- Artist: Leo Mol
- Year: 1970
- Medium: Bronze
- Subject: Elizabeth II
- Dimensions: 2.73 m (9.0 ft)
- Location: Winnipeg, Manitoba, Canada; 49°53′04″N 97°08′44″W﻿ / ﻿49.88441°N 97.14550°W;

= Statue of Elizabeth II (Winnipeg) =

Statue in Winnipeg, Manitoba, Canada

A statue of Elizabeth II by Leo Mol was installed in Winnipeg, Manitoba, Canada.

==Description==
The bronze sculpture of Elizabeth II is 2.73 m tall.

==History==
Leo Mol completed the statue in 1970. The sculpture was originally installed in the Steinkopf Gardens at the Centennial Concert Hall, in downtown Winnipeg.

Although Mol had most of his bronze works cast in Germany, he did also perform some of his castings himself, in his studio. “Among the many casts done there was a giant nine foot figure of Queen Elizabeth for the City of Winnipeg – an astonishing achievement for a homemade foundry.”

In July 2010, Elizabeth II visited Winnipeg to rededicate the statue, which was relocated to the Government House grounds. Prince Philip, Duke of Edinburgh also attended the dedication ceremony.
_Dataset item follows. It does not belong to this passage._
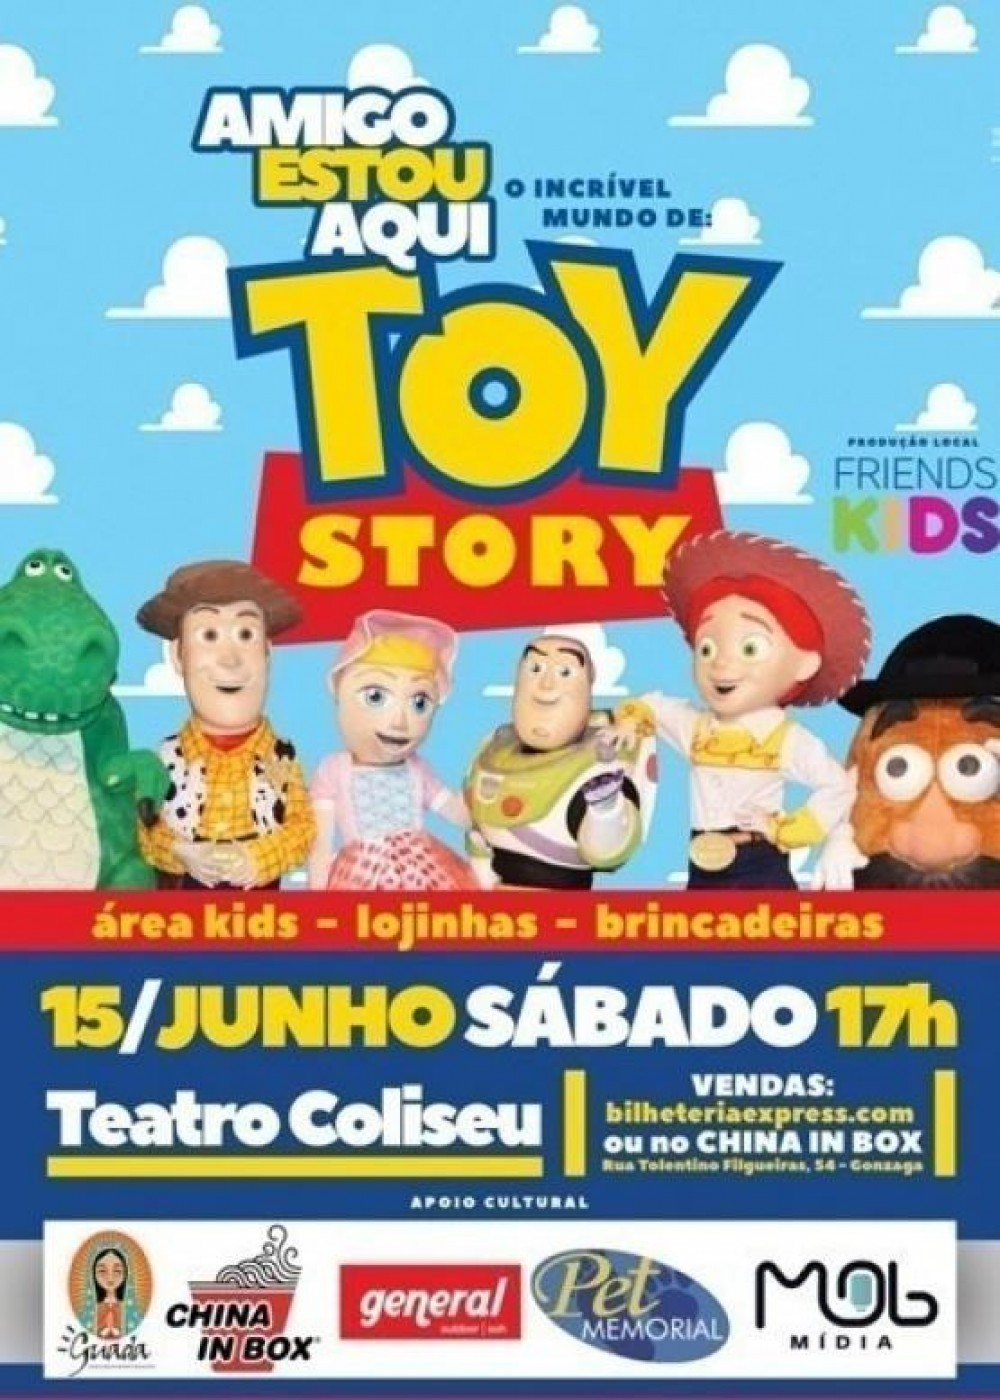 Amigo Estou Aqui  - O Incrível Mundo De Toy Story

The sculpture, along with another depicting Queen Victoria, was toppled on Canada Day, 1 July 2021, following the Canadian Indian residential schools gravesite discoveries. The statue of Elizabeth II was brought down by and left covered in yellow rope, as well as covered in red paint. Although both queens were constitutional monarchs, meaning they did not make policy or law and were bound to follow the advice and direction of their ministers and parliamentarians, and Canada had ceased to be a colony of Britain in 1931, meaning Elizabeth II reigned in Canada distinctly as Queen of Canada, the protesters who tore the statues down were said to have believed Elizabeth and Victoria represented Canada's colonial history.

As of July 2022, the statue of Elizabeth II was being restored while the statue of Queen Victoria was damaged beyond repair and will not be replaced. The statue was put back in place on 2 June 2023, the 70th anniversary of Elizabeth II's coronation.